3.Hotplugged virtio-blk-pci device shows up after guest reboot.

4.'info pci'
Before hotplug:
(qemu) info block
drive_sysdisk (#block172): images/rhel74-64-virtio.qcow2 (qcow2)
    Cache mode:       writeback, direct
(qemu) info pci
...
  Bus  0, device   6, function 0:
    PCI bridge: PCI device 1b36:0001
      BUS 0.
      secondary bus 1.
      subordinate bus 1.
      IO range [0xf000, 0x0fff]
      memory range [0xfff00000, 0x000fffff]
      prefetchable memory range [0xfff00000, 0x000fffff]
      id "bridge1"
...

After hotplug:
(qemu) info block
drive_sysdisk (#block172): images/rhel74-64-virtio.qcow2 (qcow2)
    Cache mode:       writeback, direct

drive_blk (#block321): /home/rhel7.4test/images/stg1.qcow2 (qcow2)
    Cache mode:       writeback
(qemu) info pci
...
  Bus  0, device   6, function 0:
    PCI bridge: PCI device 1b36:0001
      BUS 0.
      secondary bus 1.
      subordinate bus 1.
      IO range [0xf000, 0x0fff]
      memory range [0xfff00000, 0x000fffff]
      prefetchable memory range [0xfff00000, 0x000fffff]
      id "bridge1"
  Bus  1, device   1, function 0:
    SCSI controller: PCI device 1af4:1001
      IRQ 0.
      BAR0: I/O at 0xffffffffffffffff [0x003e].
      BAR1: 32 bit memory at 0xffffffffffffffff [0x00000ffe].
      BAR4: 64 bit prefetchable memory at 0xffffffffffffffff [0x00003ffe].
      id "device_blk"
...

After guest reboot:
  Bus  0, device   6, function 0:
    PCI bridge: PCI device 1b36:0001
      BUS 0.
      secondary bus 1.
      subordinate bus 1.
      IO range [0xc000, 0xcfff]
      memory range [0xfc000000, 0xfc1fffff]
      prefetchable memory range [0xfe800000, 0xfe9fffff]
      id "bridge1"
  Bus  1, device   1, function 0:
    SCSI controller: PCI device 1af4:1001
      IRQ 11.
      BAR0: I/O at 0xc000 [0xc03f].
      BAR1: 32 bit memory at 0xfc000000 [0xfc000fff].
      BAR4: 64 bit prefetchable memory at 0xfe800000 [0xfe803fff].
      id "device_blk"

Comment 4 Qunfang Zhang 2017-03-23 02:44:27 UTC
Seems a similar bug with the following one: 

Bug 1432891 - The device hot pluged to pci-bridge doesn't show up

Comment 5 yduan 2017-03-23 03:04:46 UTC
(In reply to Qunfang Zhang from comment #4)
> Seems a similar bug with the following one: 
> 
> Bug 1432891 - The device hot pluged to pci-bridge doesn't show up

I think there are some differences.

1.Bug 1432891 - The device hot pluged to pci-bridge doesn't show up
  "Actual results:The device hotplugged didn't show up in the guest or "info qtree" in hmp"
  Bug 1434706 - [pci-bridge] Hotplug devices to pci-bridge failed
  The hotplugged device just only doesn't show up in the guest, it can be seen in QEMU(e.g., 'info qtree', 'info pci', 'info block', 'info network').

2.More important fact:
  Bug 1432891 - The device hot pluged to pci-bridge doesn't show up
  qemu-kvm-rhev-2.8.0-5.el7
  Bug 1434706 - [pci-bridge] Hotplug devices to pci-bridge failed
  Reproducible with "qemu-kvm-rhev-2.9.0-0.el7.mrezanin201703210848.x86_64" but not "qemu-kvm-rhev-2.8.0-6.el7.x86_64".

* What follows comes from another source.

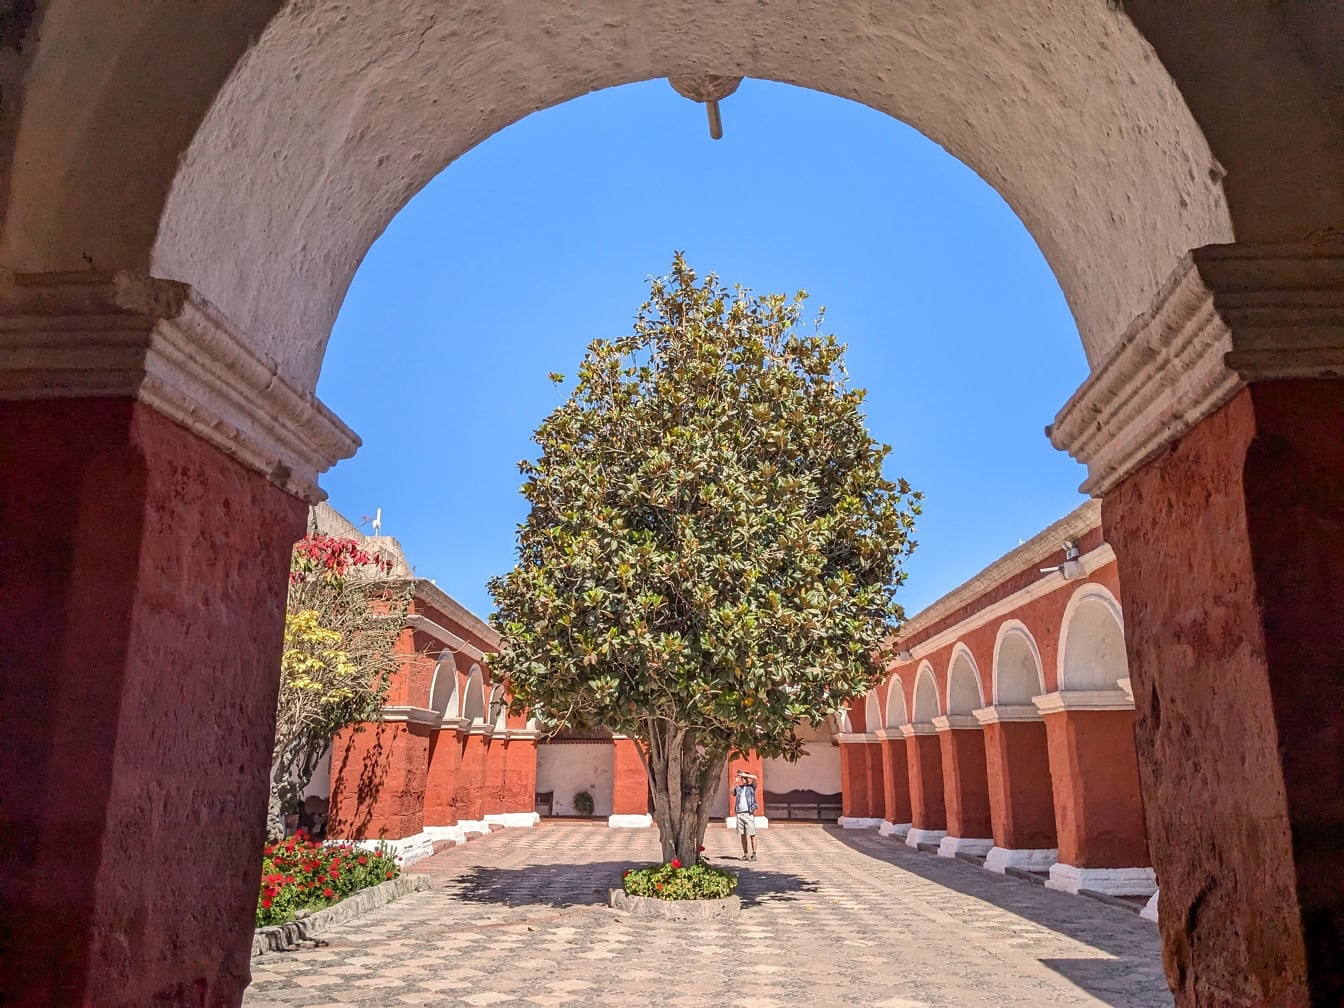 Δέντρο σε αυλή στο μοναστήρι Santa Catalina de Siena στην Arequipa στο Περού, μνημείο παγκόσμιας κληρονομιάς της UNESCO
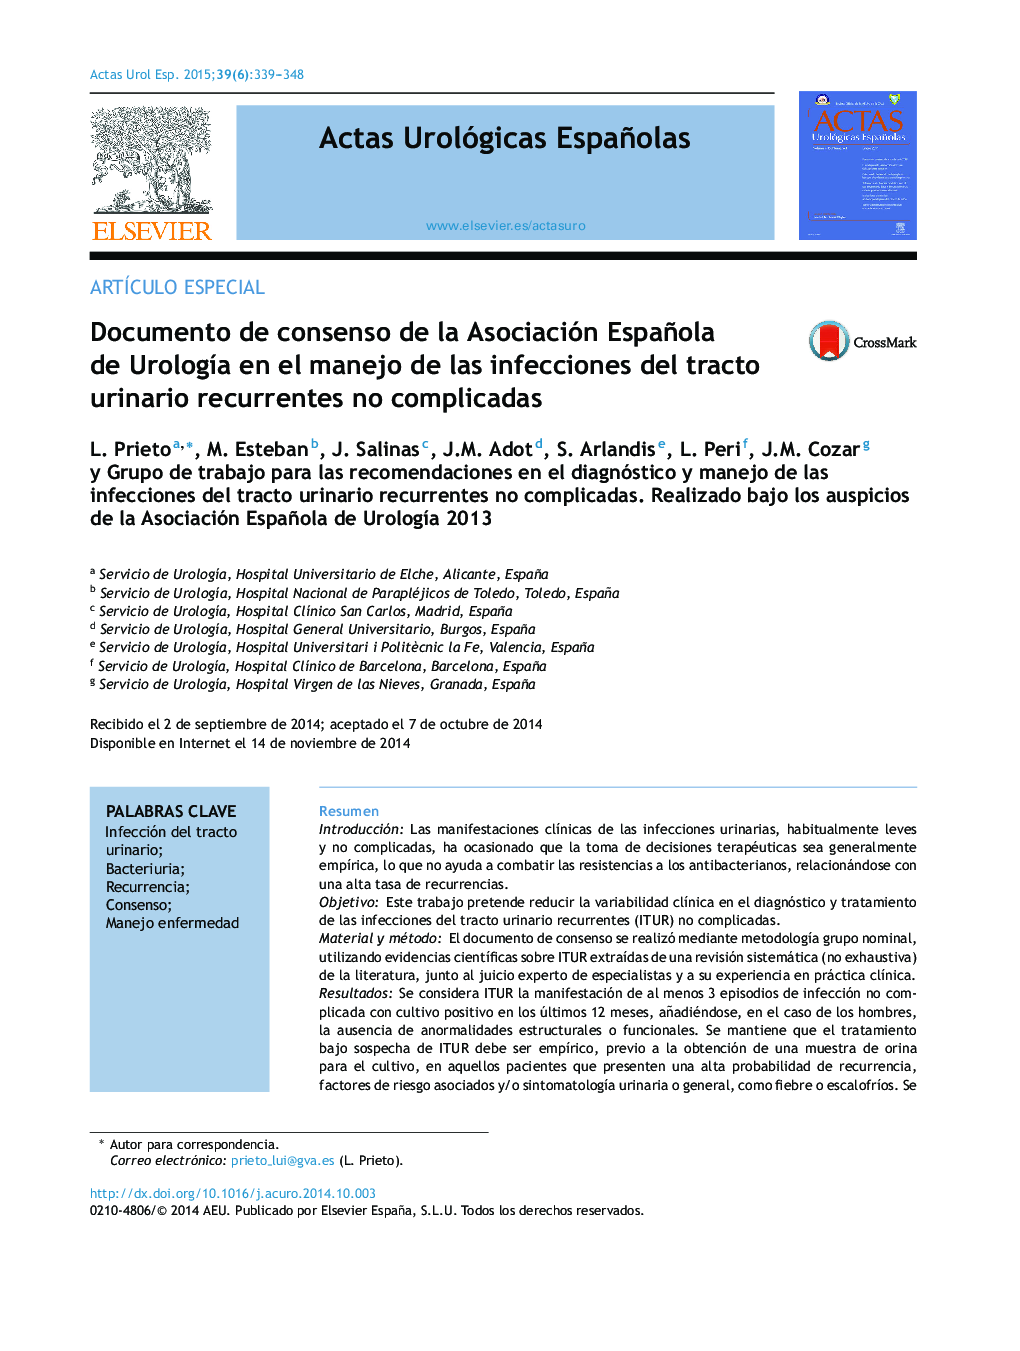 Documento de consenso de la Asociación Española de Urología en el manejo de las infecciones del tracto urinario recurrentes no complicadas

Comment 6 Marcel Apfelbaum 2017-05-08 09:25:09 UTC
Hi,

I found the root cause, I am not sure we should do something about it.

QEMU 2.9 introduced a new feature for PCI bridges : slot 0 is now a hot-pluggable slot. The way it is done is by disabling PCI-bridge's built-in SHPC controller which is not currently used by any arch.

The side effect of not having the controller is that the PCI bridge does not have any devices attached to it at the boot time. (before that we had the shpc on slot 0).
The PCI-bridge spec dictates that if a PCI bridge does not have any devices requesting IO/MEM behind it, the software should not allocate resources for the bridge... so the hotplug we fail.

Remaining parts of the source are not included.